Al-'Abisiyya or al-'Absiyya (Arabic: العابسية), was a Palestinian Arab village in the District of Safad. It was depopulated during the 1948 Arab-Israeli War on May 29, 1948, by The Palmach's First Battalion of Operation Yiftach. It was located 28.5 km northeast of Safad near to the Banyas River which the village relied on for irrigation.

==History==
Archaeological evidence in the area indicates Roman–Byzantine activity but is not decisive, so the identification rests on converging epigraphic, linguistic, and spatial criteria.

A Greek boundary stone from the reign of Diocletian (284–305 CE) records the village name Οσηα (Osea), from the Aramaic word for "foundation", among the Diocletianic boundary markers associated with Paneas (Banias) in the northern Hula Valley. Osea has been identified with al-ʿĀbsiya based on toponymic preservation through phonetic transformation supported by spatial considerations and related local names.

In the Mamluk period and Early Ottoman periods the site was called Khiyām ʿAbs.

The village contained the khirbas of Tall al-Sakhina, Tall al-Shari'a, and al-Shaykh Ghannam.

In 1881, the PEF's Survey of Western Palestine (SWP) described the village as "a collection of mud hovels in the plain of the Huleh, on the Nahr Banias containing seventy Moslems. They till the land, which is arable round the village, there is a large supply of water and some trees near the village."

===British Mandate era===
In the 1931 census of Palestine, during the British Mandate for Palestine, the village had a population of 609, all Muslims, in a total of 31 houses.
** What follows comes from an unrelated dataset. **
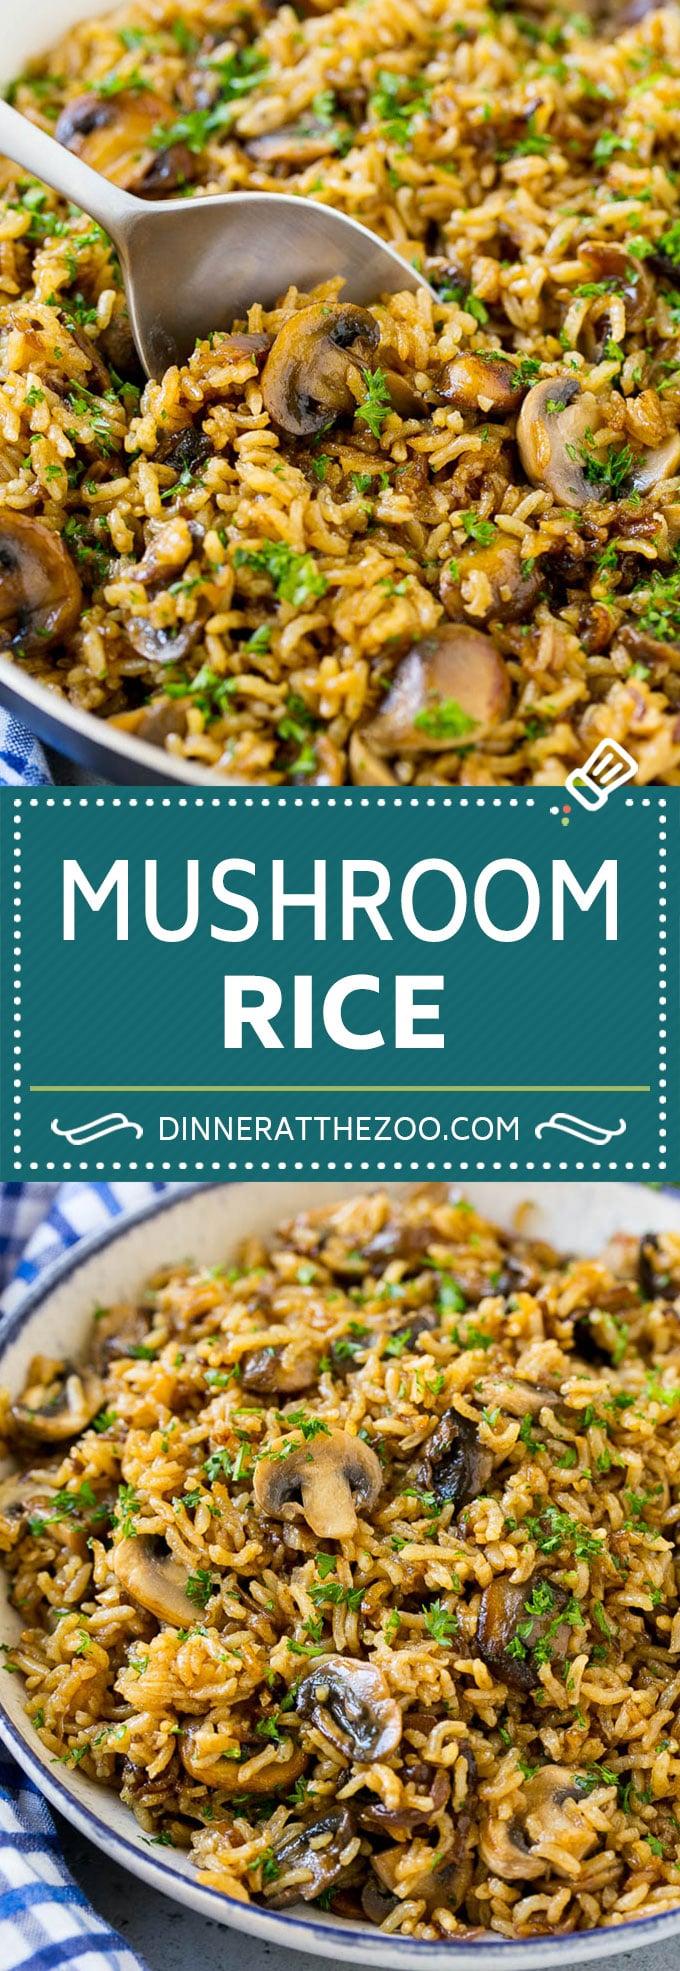 Receta de arroz con champiñones |  Arroz al horno |  Rice Pilaf #rice #mushrooms # sidedish # dinner #dinneratthezoo
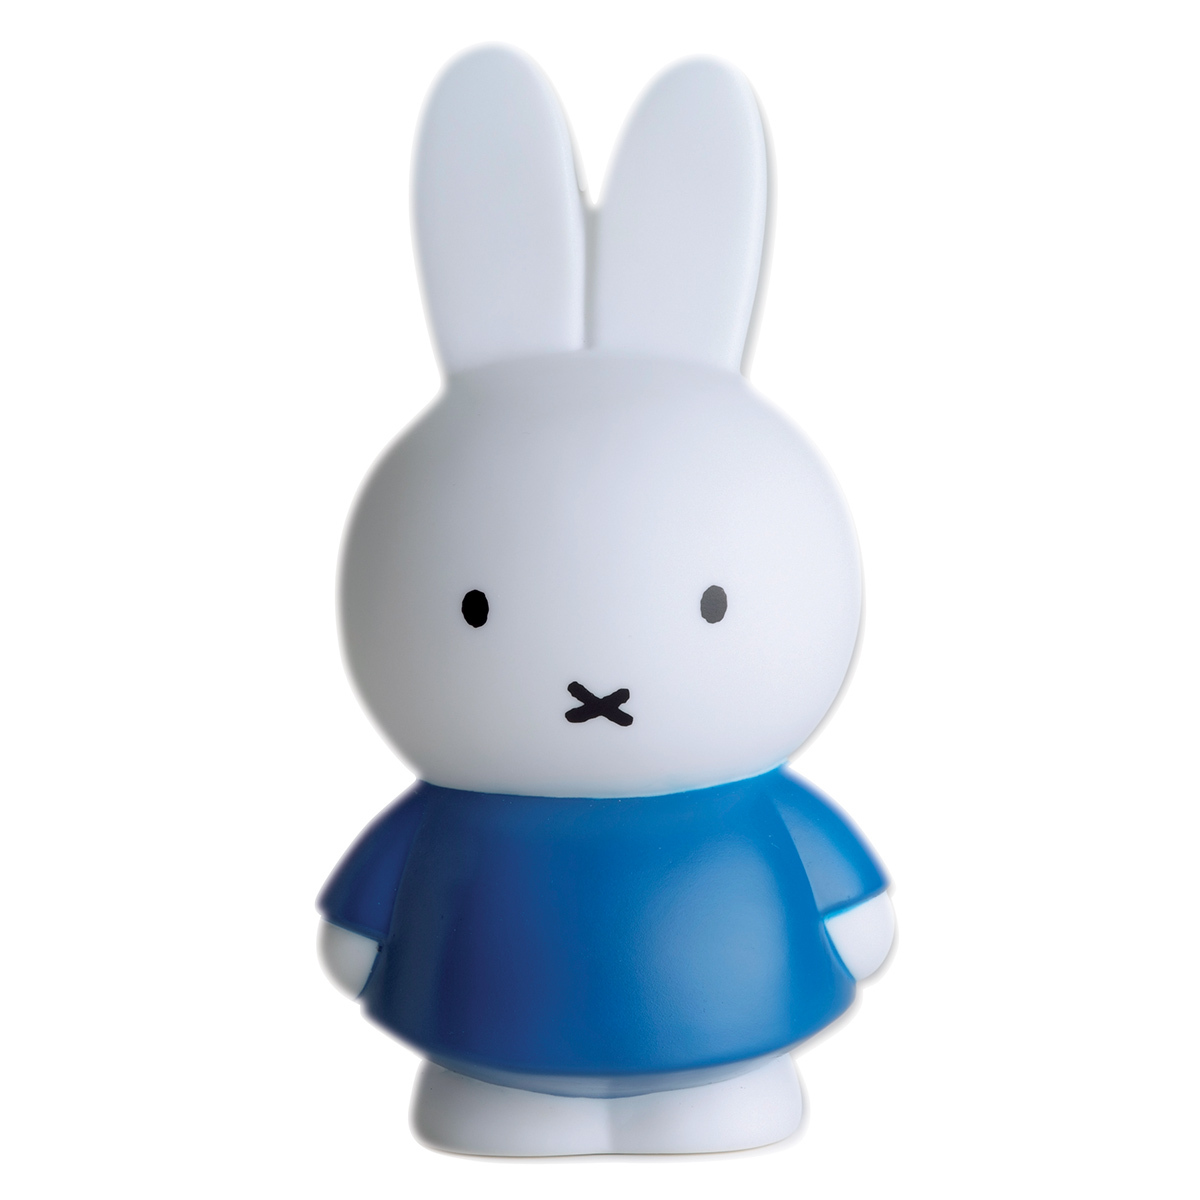 Tirelire Tirelire Miffy Taille Modèle Moyen - Bleu Tirelire Miffy Taille Modèle Moyen - Bleu

In the 1945 statistics the population of Al-'Abisiyya (including nearby Azaziyat, Ein Fit and Khirbat es Summan) was 1,220 Muslims, with a total of 15,429 dunams of land, according to an official land and population survey. Arabs used 4 dunums of land for citrus and bananas, 6,390 dunams were plantations and irrigable land, 2,830 for cereals; while 17 dunams was built-up (urban) area.

===1948, aftermath===
In May 1948, Sde Nehemia requested, "somewhat shamefacedly", 1,700 dunams of land from the newly depopulated village of Al-'Abisiyya.